Speed up bulk insert #2290

Mulugruntz · 2021-03-01T12:57:12Z

Mulugruntz
Mar 1, 2021

I come back to the community with a new question.
I would like to insert several million records into EdgeDB. These records are on plain files (kind of CSV).
I've adapted the code that I use, for reproducibility purposes. For example, instead of files, it's random values.
I've made as if there are 60k records per day, for 5 days.
The Types that I used are the real ones.
And I insert as batches of 50k records.

I have two question:

How to make it faster? Currently the average speed is about 2300 records/second.
How to estimate the size in DB? (knowing there's an index)

I'm also open to any general remark.

The real relevant function here is insert_history_values. But I included a working piece of code so that anyone who would like to make suggestions can actually test it without wasting their own time :-).

I currently use docker image edgedb/edgedb:1-alpha7

I run twice the main, to showcase the idempotency.

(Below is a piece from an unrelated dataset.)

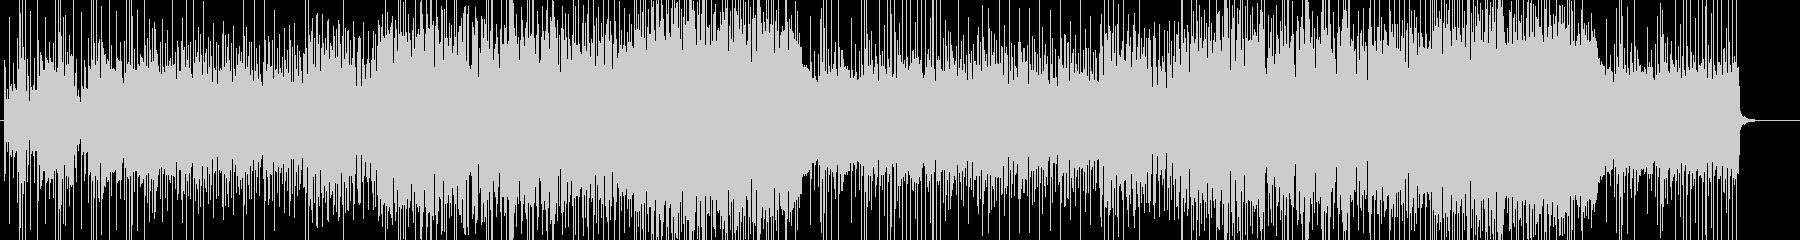 「HR/HM」「DARK」BGM154の未再生の波形

If it is (or seems to be, at least) already inserted, it won't insert it again.

import asyncio
import sys
from datetime import datetime, timedelta
from typing import List, Tuple
import pandas as pd
from numpy.random import MT19937
from numpy.random import RandomState, SeedSequence

import edgedb
import ujson
from aiostream import stream
from edgedb import AsyncIOConnection, AsyncIOPool, InvalidReferenceError


init_esdl = [
    """drop type MyTable;""",
    """drop type SubTable;""",
    """drop scalar type posfloat64;""",
    """create scalar type posfloat64 extending float64 {
        create constraint min_value(0);
    }""",
    """create type SubTable {
        create required property name -> str;
    };""",
    """create type MyTable {
        create required link sub -> SubTable;
        create required property timestamp -> datetime;
        create required property value -> posfloat64;

        create index on (.timestamp);
    };""",
    """INSERT SubTable {
        name := "NAME"
    };""",
]


async def batch(iterable, n=1):
    """Iterates asynchronously over batches of an iterable.
    batch([1, 2, 3, 4, 5, 6, 7], 3) -> [[1, 2, 3], [4, 5, 6], [7]]
    """
    l = len(iterable)
    for ndx in range(0, l, n):
        yield iterable[ndx : min(ndx + n, l)]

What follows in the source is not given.